Field length calculation gives wrong results for some UTF8 encoded data

Question

Field length calculation gives wrong results for some UTF8 encoded data

sdanisch opened this issue 3 years ago · 2 comments

For some MARC files with multi-byte characters in them, the import happens with errors and results in wrong field content

see 007-tit.mrc.txt, first record, Field 515

even though the data seems to be perfectly fine and can be imported/validated with other tools. The problem seems to occur in FileMARC.cs#L302, where the extra bytes for a field are calculated:

                    //Check if there are multi-byte characters in the string
                    System.Globalization.StringInfo stringInfo = new System.Globalization.StringInfo(tagData);
                    int extraBytes = fieldLength - stringInfo.LengthInTextElements;
                    int extraBytes2 = Encoding.UTF8.GetByteCount(tagData) - fieldLength;
                    int endOfFieldIndex = tagData.IndexOf(END_OF_FIELD);

                    if (tagData.Length - 1 != endOfFieldIndex)
                    {
                        int differenceLength = tagData.Length - 1 - endOfFieldIndex;

                        if (differenceLength != extraBytes && differenceLength != extraBytes2)
                        {
                            fieldLength -= differenceLength;
                            totalExtraBytesRead += differenceLength;
                            tagData = raw.Substring(fieldStart, endOfFieldIndex + 1);
                        }
                        else
                        {
                            if (extraBytes > 0)
                            {
                                fieldLength -= extraBytes;
                                totalExtraBytesRead += extraBytes;
                                tagData = raw.Substring(fieldStart, fieldLength);
                            }
                            else if (extraBytes2 > 0)
                            {
                                fieldLength -= extraBytes2;
                                totalExtraBytesRead += extraBytes2;
                                tagData = raw.Substring(fieldStart, fieldLength);
                            }
                        }
                    }

It seems as if extraBytes2 has the correct value to be used, but extraBytes is used instead. Unfortunately i dont really understand, what is supposed to happen in this part of the code. For our internal import, changing the logic to use the larger value between extraBytes and extraBytes2 seems to work and leads to the field in question being read correctly:

                    //Check if there are multi-byte characters in the string
                    System.Globalization.StringInfo stringInfo = new System.Globalization.StringInfo(tagData);
                    int extraBytes =  fieldLength - stringInfo.LengthInTextElements;                    
                    int extraBytes2 = Encoding.UTF8.GetByteCount(tagData) - fieldLength;
                    extraBytes = extraBytes >= extraBytes2 ? extraBytes : extraBytes2;
                    int endOfFieldIndex = tagData.IndexOf(END_OF_FIELD);

                    if (tagData.Length - 1 != endOfFieldIndex)
                    {
                        int differenceLength = tagData.Length - 1 - endOfFieldIndex;

                        if (differenceLength != extraBytes)
                        {
                            fieldLength -= differenceLength;
                            totalExtraBytesRead += differenceLength;
                            tagData = raw.Substring(fieldStart, endOfFieldIndex + 1);
                        }
                        else
                        {
                            if (extraBytes > 0)
                            {
                                fieldLength -= extraBytes;
                                totalExtraBytesRead += extraBytes;
                                tagData = raw.Substring(fieldStart, fieldLength);
                            }                           
                        }
                    }

As im not quite sure what is supposed to happen here, i was hesitant to provide a pull request, but will of course do so if that is a feasible solution. If you see what is wrong with that approach and know how it should be handled instead, im more then willing to implement that solution and provide a matching pull request.

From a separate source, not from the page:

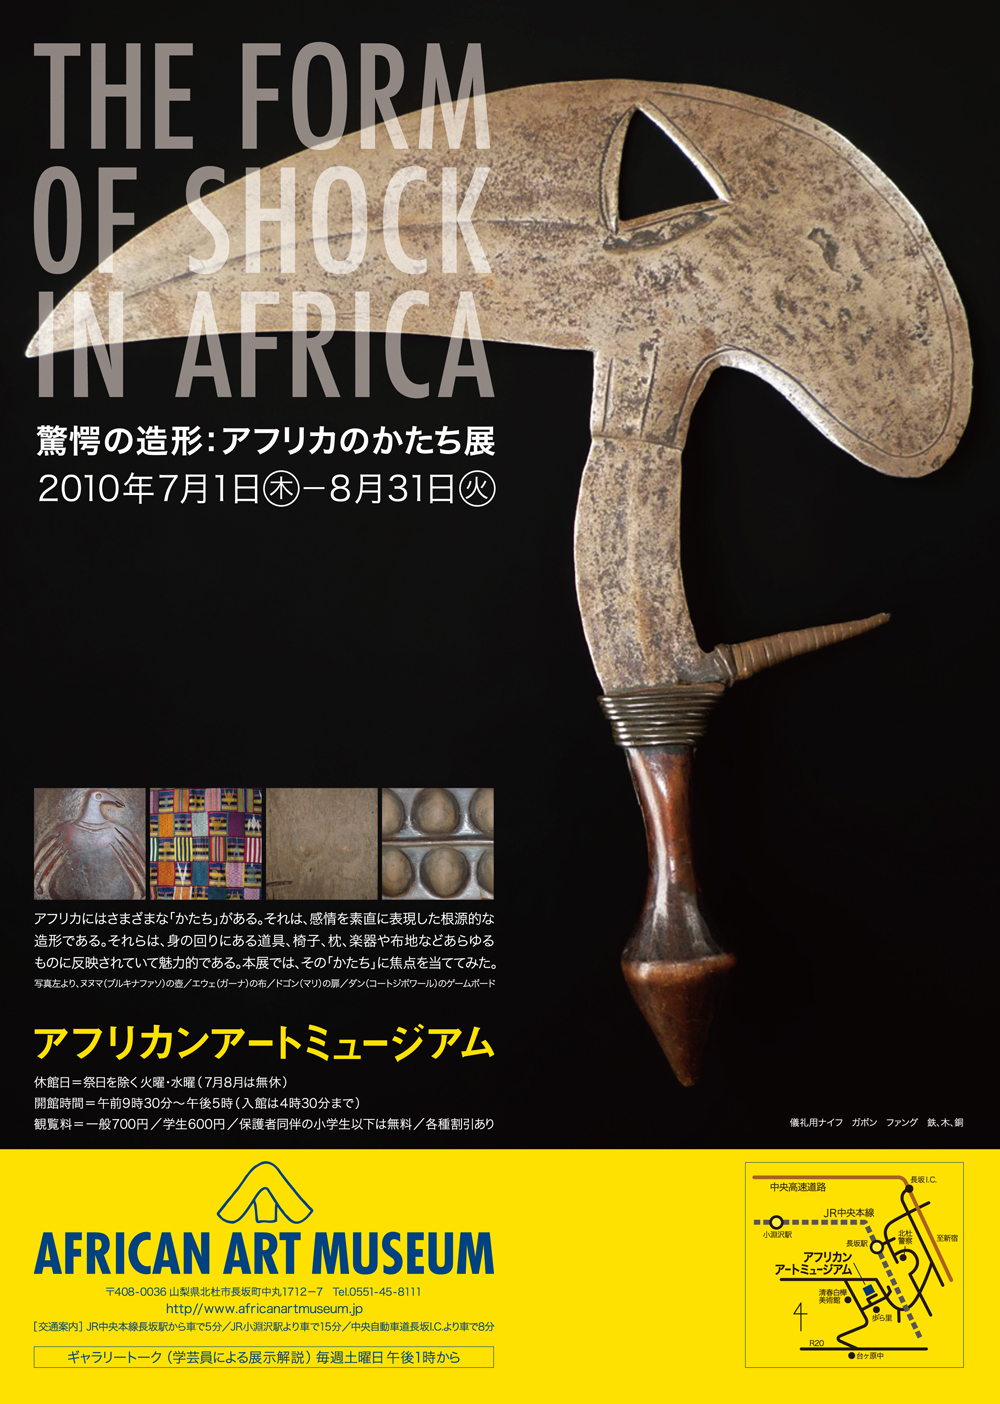 THE FORM OF SHOCK IN AFRICA

Answer 1 · 2022-02-01T04:32:37.000Z

It's been a really long time since I've gone over that parsing code. I suspect your solution is a good one, but I need to make sure I remember why I did it the way I did. I'm sure there was a reason for it.

Answer 2 · 2022-02-01T06:34:38.000Z

Okay I figured out what's going on here and there's a few failure points.

extraBytes vs extraBytes2 covers various encoding issues. The library sort of assumes MARC8 and/or generic windows encoding and tries it's best to compensate when it can't detect a UTF8 file.
The library was failing to properly detect a UTF8 file
Your test file's LEADER doesn't have the '8' flag in space 9 that tells the encoder to explicitly use UTF8

I added some code to let you toggle the UTF8 encoding, and to properly select the extraBytes2 when UTF8 encoding is found or requested.

FileMARCReader has a forceUTF8 optional parameter on it's constructor you can use. Alternatively, if you're using FileMARC without the reader, you can set the ForceUTF8 property to true after calling the FileMARC constructor. This will force reading files as UTF8 even if it sees a ' ' character in space 9 of the LEADER.

You can see an example of this working in FileMARCReaderTest.cs in the "UTF8Multibytetest()" function.